:: TASK DETAILS ::
Print the data exactly. Omit the pictures.

:: SUPPLIED DATA ::
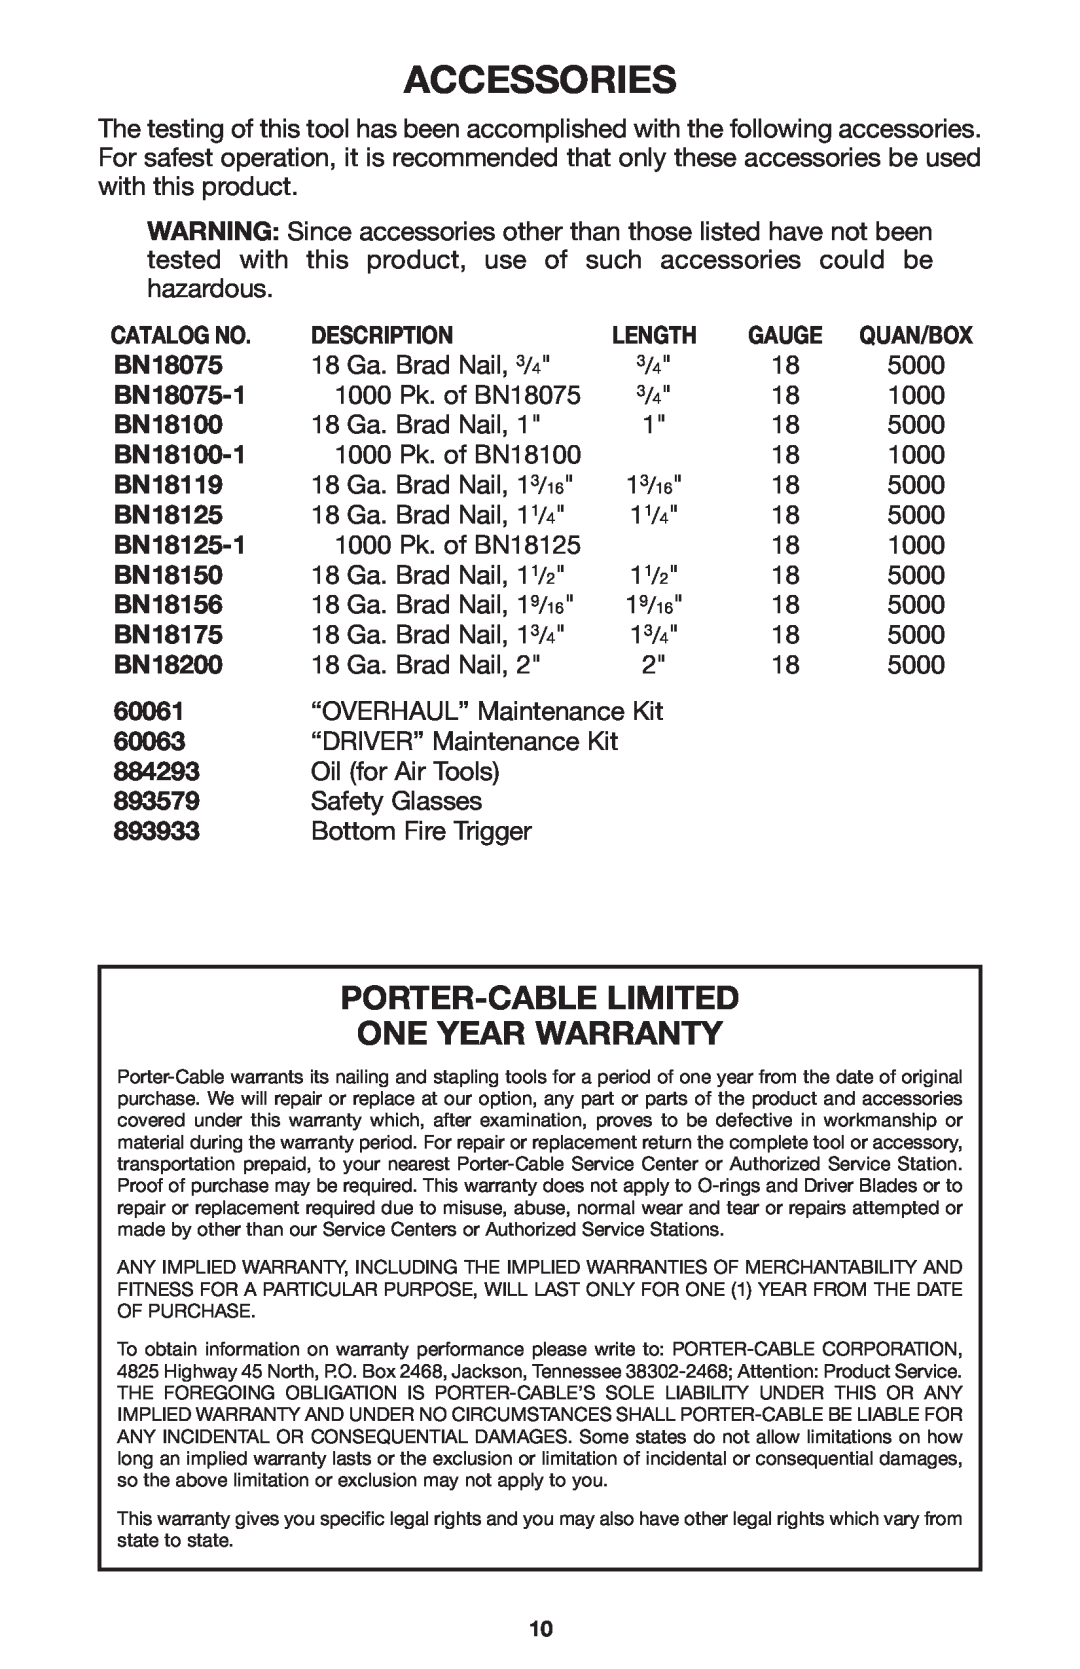 Porter-Cable 894884-003, BN200A instruction manual Accessories, Porter-Cable Limited One Year Warranty 
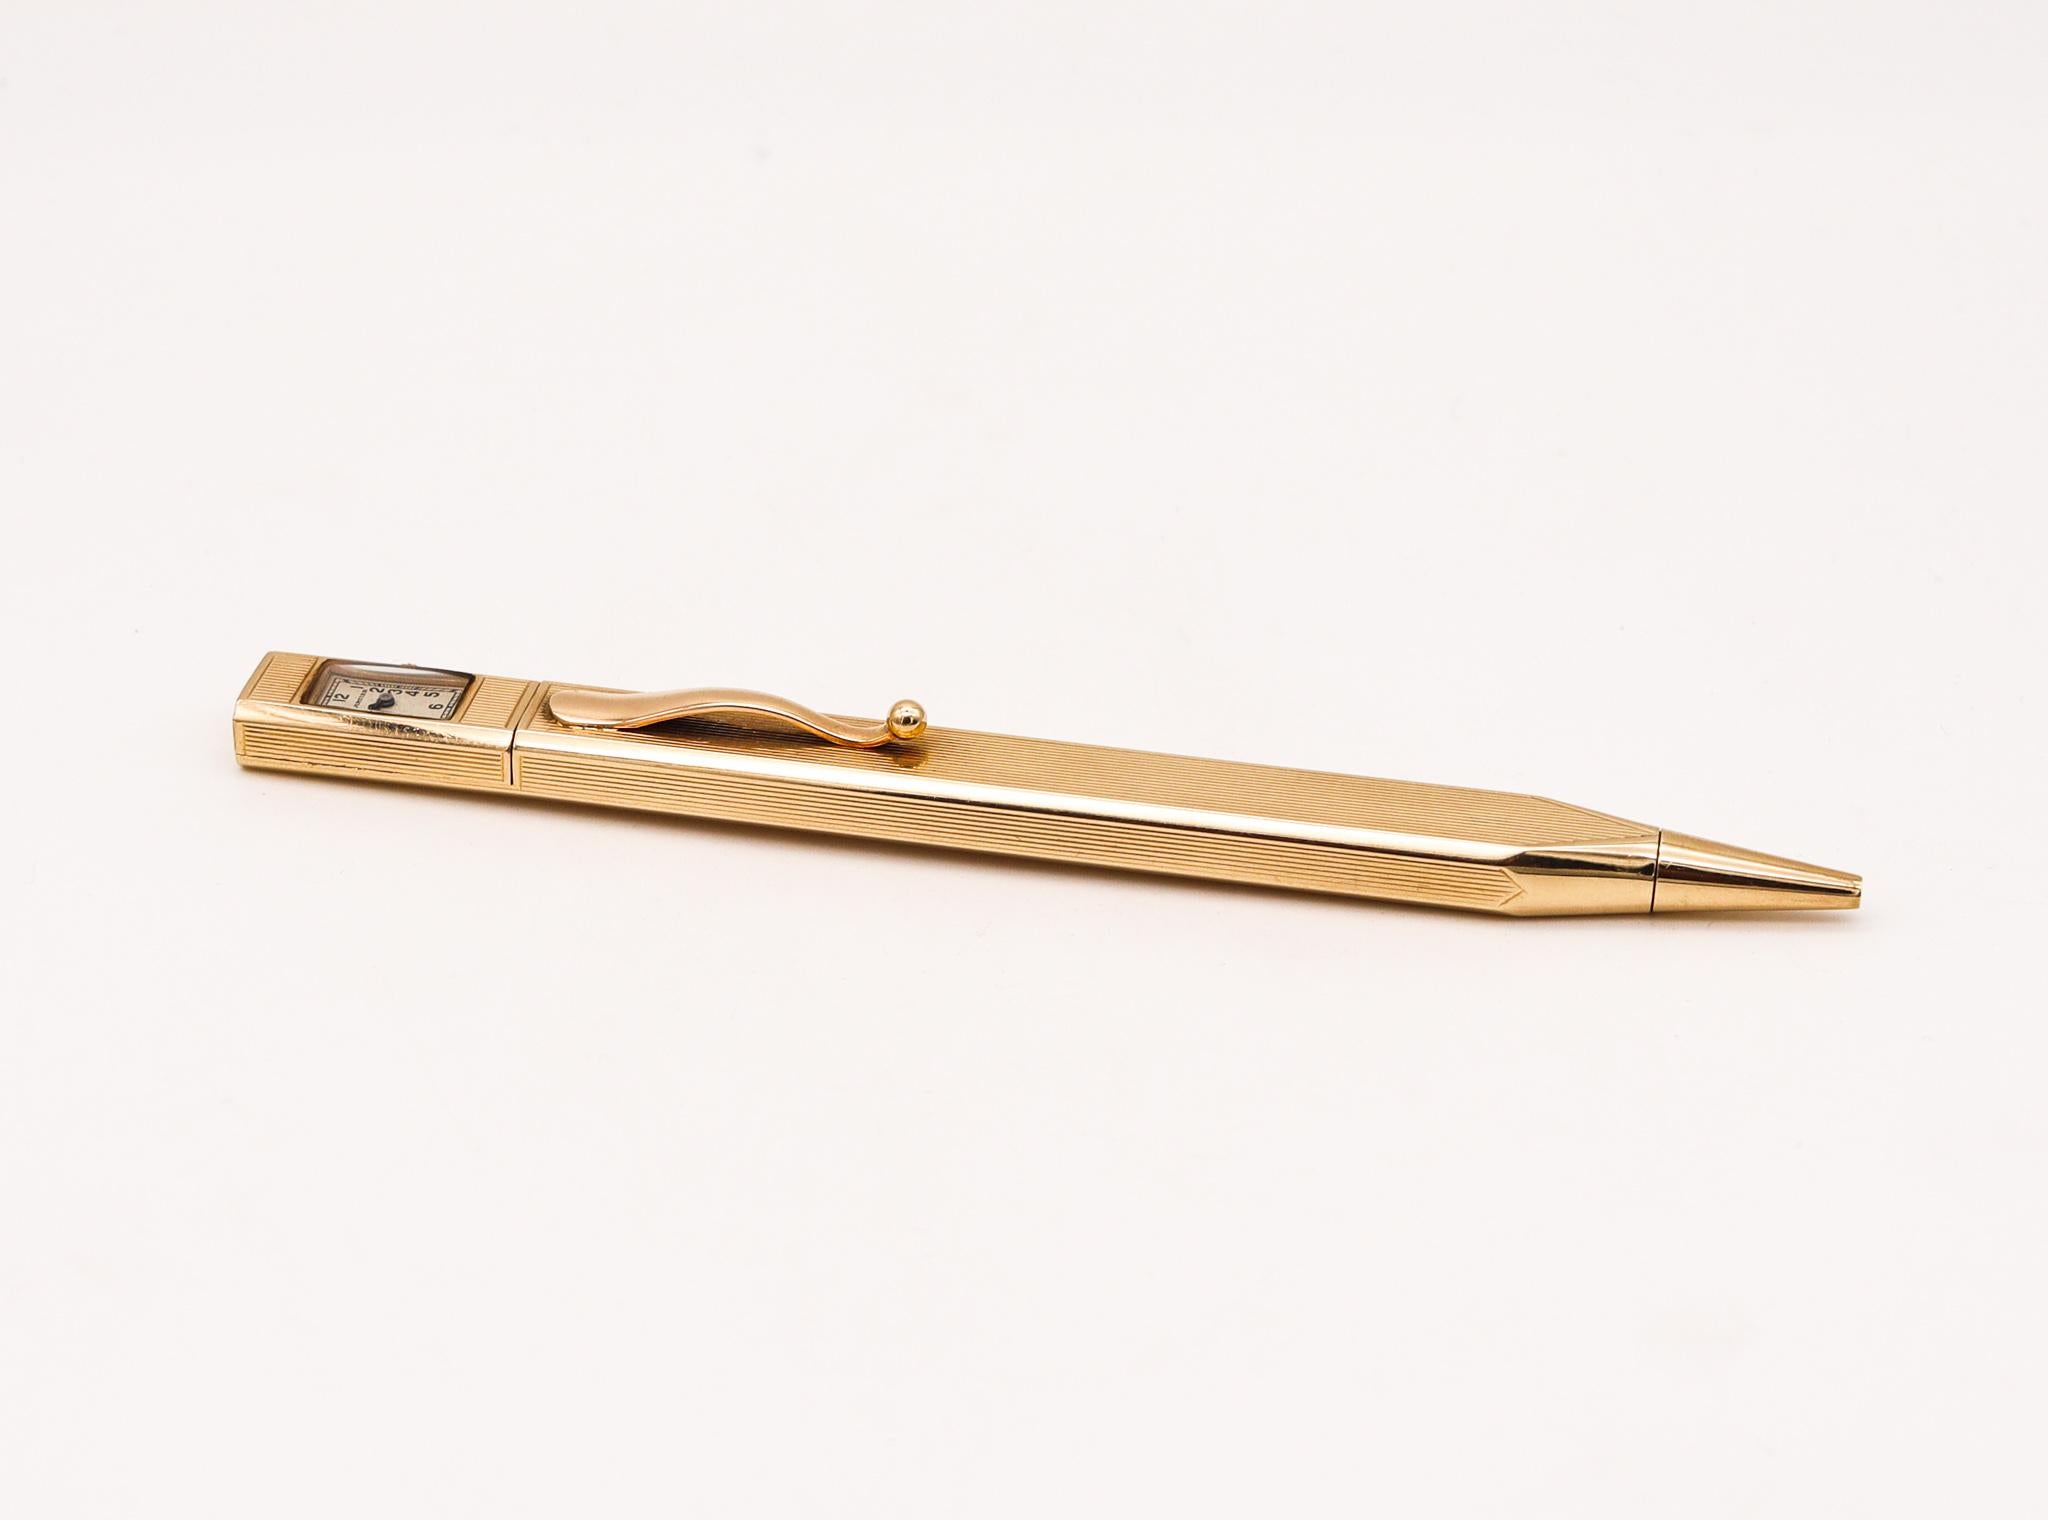 Convertible pensil-watch designed by Cartier.

Very unusual and useful piece, created in Paris France by the iconic house of Cartier, during the late art deco period, back in the 1930's. This is a convertible pensil and a watch, crafted with

:: RESULT ::
 Porter-Cable 894884-003, BN200A instruction manual Accessories, Porter-Cable Limited One Year Warranty 
 Convertible pensil-watch designed by Cartier.

Very unusual and useful piece, created in Paris France by the iconic house of Cartier, during the late art deco period, back in the 1930's. This is a convertible pensil and a watch, crafted with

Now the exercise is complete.